VETOS PARCIAIS ENCAMINHADOS PELO GOVERNADOR

• à Proposição de Lei 14.840/2001 (ex-PL 1.431/2001, do governador do Estado), que dispõe sobre a reorganização da Secretaria de Estado da Educação: o veto incidiu sobre o artigo 15, que assegura ao servidor designado para o exercício de função pública, nos contratos administrativos celebrados pelo Estado para esse fim, o direito de recebimento das parcelas remuneratórias correspondentes às férias anuais e ao décimo terceiro salário. Segundo o governador, o artigo 15, originário de emenda parlamentar, estabeleceria um tratamento incompatível com a própria natureza e o conteúdo do contrato de direito administrativo. O contrato é celebrado em caráter precário, por prazo determinado, para atender necessidade temporária de excepcional interesse público, sem que o contratado seja considerado servidor público, "inexistindo, assim, qualquer vínculo empregatício a ensejar a concessão de vantagens".

• à Proposição de Lei Complementar 67/2001 (ex-PLC 28/2000, da Procuradoria-Geral de Justiça), que dispõe sobre a Lei Orgânica do Ministério Público: o veto incidiu sobre a nova redação dada, pela proposição de lei complementar, aos incisos XIV do artigo 67, inciso II do artigo 119, artigos 127 e 147 da Lei Complementar 34/94.

O inciso XIV do artigo 67 autoriza o Ministério Público a "consultar qualquer banco de dados de caráter público ou relativo a serviço de relevância pública", atribuição que contraria a Constituição Federal, que garante a privacidade das pessoas, segundo o Executivo. Somente o Judiciário, no exercício de suas funções, pode determinar medidas de acesso a dados que dizem respeito à vida pessoal.

O inciso II do artigo 119 estabelece como vantagem do membro do Ministério Público "auxílio-moradia", deixando em aberto, segundo o governador, o titular do direito a tal gratificação, o valor e o fundamento, contrariando normas de contabilidade e finanças administrativas. A Lei Complementar 34/94 determina que o auxílio-moradia corresponde a 10% do vencimento básico, pelo exercício nas comarcas de difícil provimento em que não haja residência oficial condigna para o membro do Ministério Público. O auxílio-moradia não pode ser cumulativo com outra gratificação de igual valor, concedida pelo exercício em comarca de difícil provimento, sendo definida e indicada em lei de iniciativa do procurador-geral de Justiça.

Segundo o Executivo, ao conceder férias-prêmio ao membro do Ministério Público após cinco anos de exercício no serviço público (artigo 127), a proposição contraria a Constituição do Estado, segundo a qual as férias-prêmio são devidas pelo exercício efetivo do serviço público do Estado de Minas Gerais - e não no serviço público em geral. O texto do artigo vetado é, na íntegra, o seguinte: "ao membro do Ministério Público, após cada período de cinco anos de exercício no serviço público, será concedido, mediante requerimento ao procurador-geral de Justiça, o direito a férias-prêmio de três meses, com os vencimentos e as vantagens integrais do cargo, admitida a sua conversão em espécie, paga a título de indenização, quando da aposentadoria ou a contagem em dobro das não gozadas para fins de percepção de adicionais por tempo de serviço".

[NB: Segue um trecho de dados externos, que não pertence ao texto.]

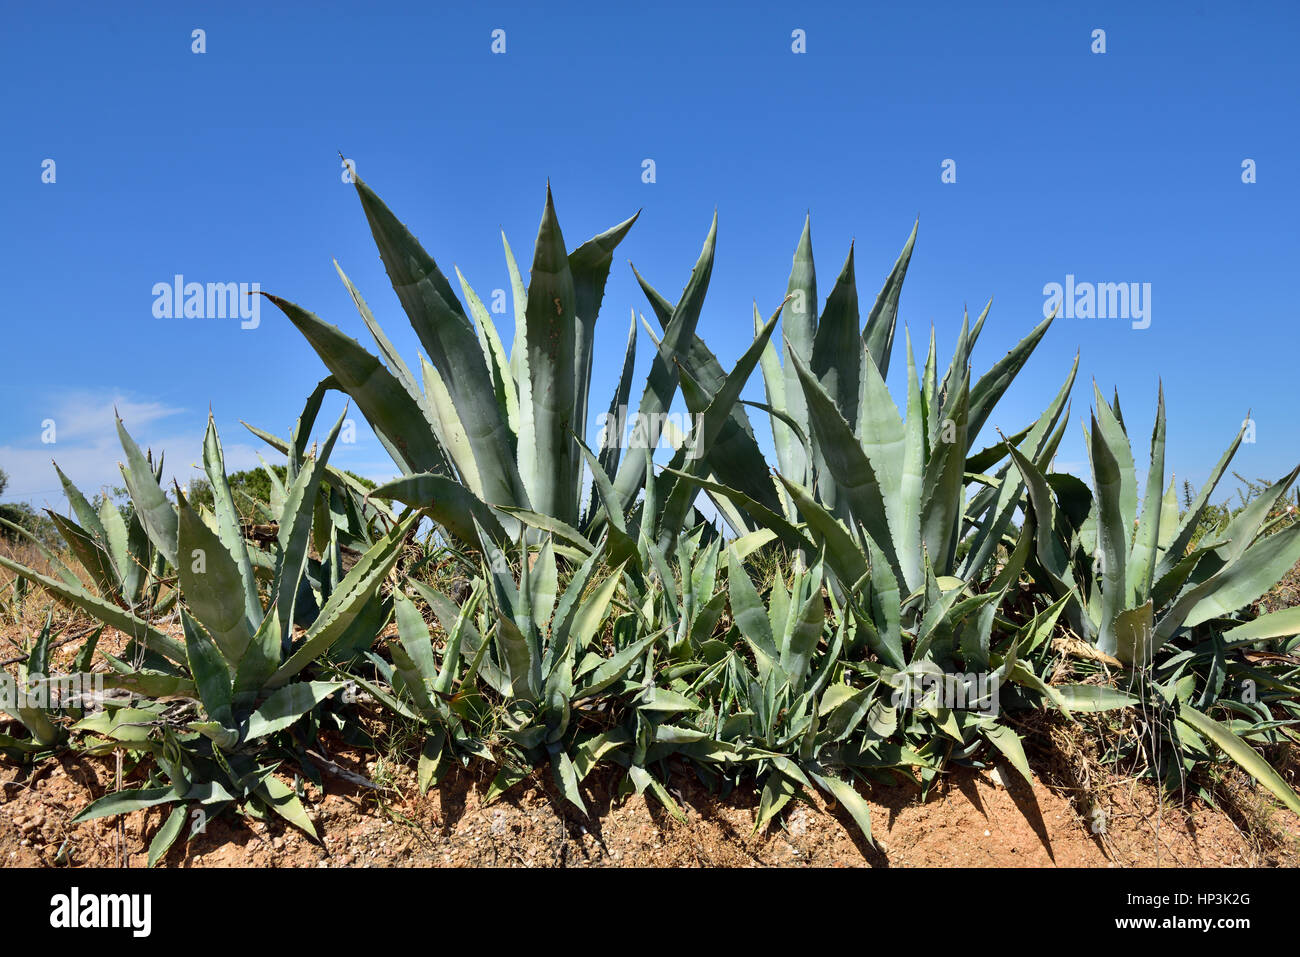 Aloe Vera sukkulente Pflanzen wächst Algarve, Portugal Stockfotografie -  Alamy

O artigo 147 determina que, "por falecimento do membro do Ministério Público, será devida a seu cônjuge ou companheiro por união estável, assim declarado por sentença, ou, na falta destes, aos filhos dependentes, menores ou incapazes, pensão mensal". Esta pensão será "paga pela Tesouraria do Ministério Público encarregada do pagamento, no mesmo valor dos proventos da aposentadoria do membro falecido ou da remuneração a que o membro teria direito, se em atividade, na forma da Constituição, com direito a compensação financeira desses pagamentos pelo órgão previdenciário do Estado". O Executivo alegou, ao vetar o dispositivo, que este atribui ao próprio Ministério Público o pagamento de pensão devida a beneficiário de membro da instituição, para compensação pelo órgão próprio, contrariando o sistema previdenciário estadual. A pensão, acrescenta, deve ser paga diretamente pela entidade previdenciária do Estado.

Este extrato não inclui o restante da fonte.